Still, the movement for euthanasia grew in the United States and Europe, and it morphed. Some advocates noted the great burdens the sick, mentally ill, and dying placed on their families and society. Helping them die would be both merciful and a contribution to the greater collectivist good. Why not, some asked, extend to terminally ill people what few would deny their sick animals, regardless of whether they were capable of expressing the wish to die?
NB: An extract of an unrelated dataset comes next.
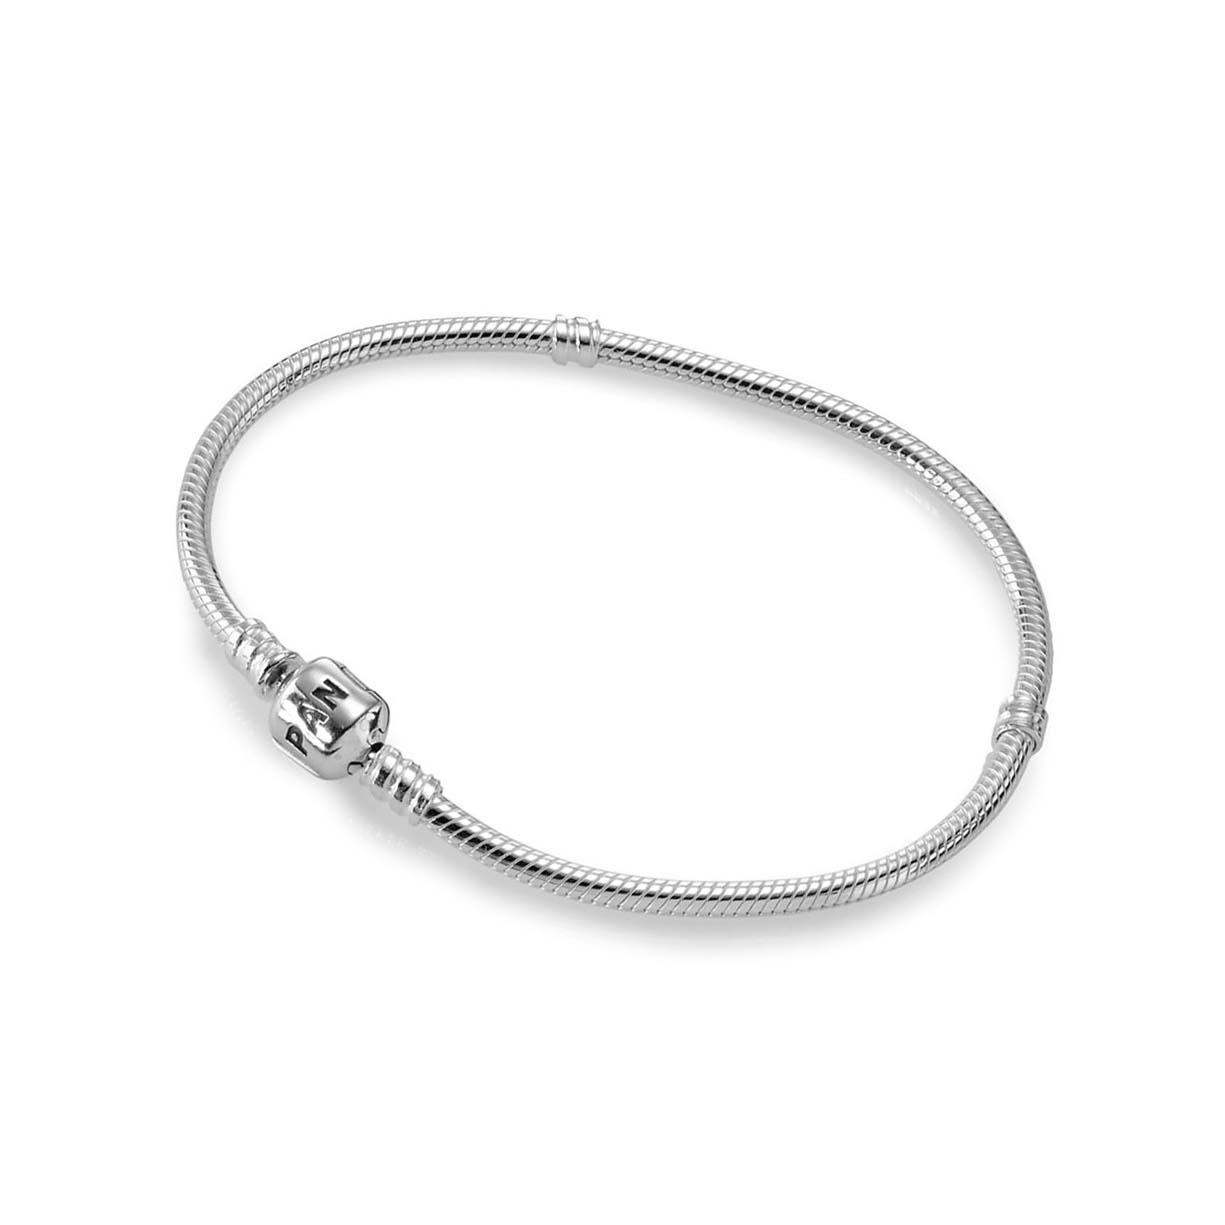 bijou pandora bracelet charm

These were lives not worthy of living.

These ideas found particular resonance at a time of widespread economic privation, suffering, and hunger in post–World War I Germany. Attention focused on the costs of caring for the elderly, disabled, mentally ill, and other dependent individuals, many warehoused in church-run asylums. (Also couched in terms of public health was the growing international support for eugenics—improving the gene pool of the society—and these individuals were seen as a threat to the purity and superiority of the German race.)

In an effort to save money and resources during wartime in the early 1940s, the Nazis took the ideas to their logical extreme and implemented programs of
involuntary
euthanasia of these populations. By some counts up to 200,000 people with mental illnesses or physical disabilities were executed, the Darwinian notion of survival of the fittest employed to justify the murders. After these programs were shut down, their administrators were sent to orchestrate mass killings of Jews and others in extermination camps in Poland.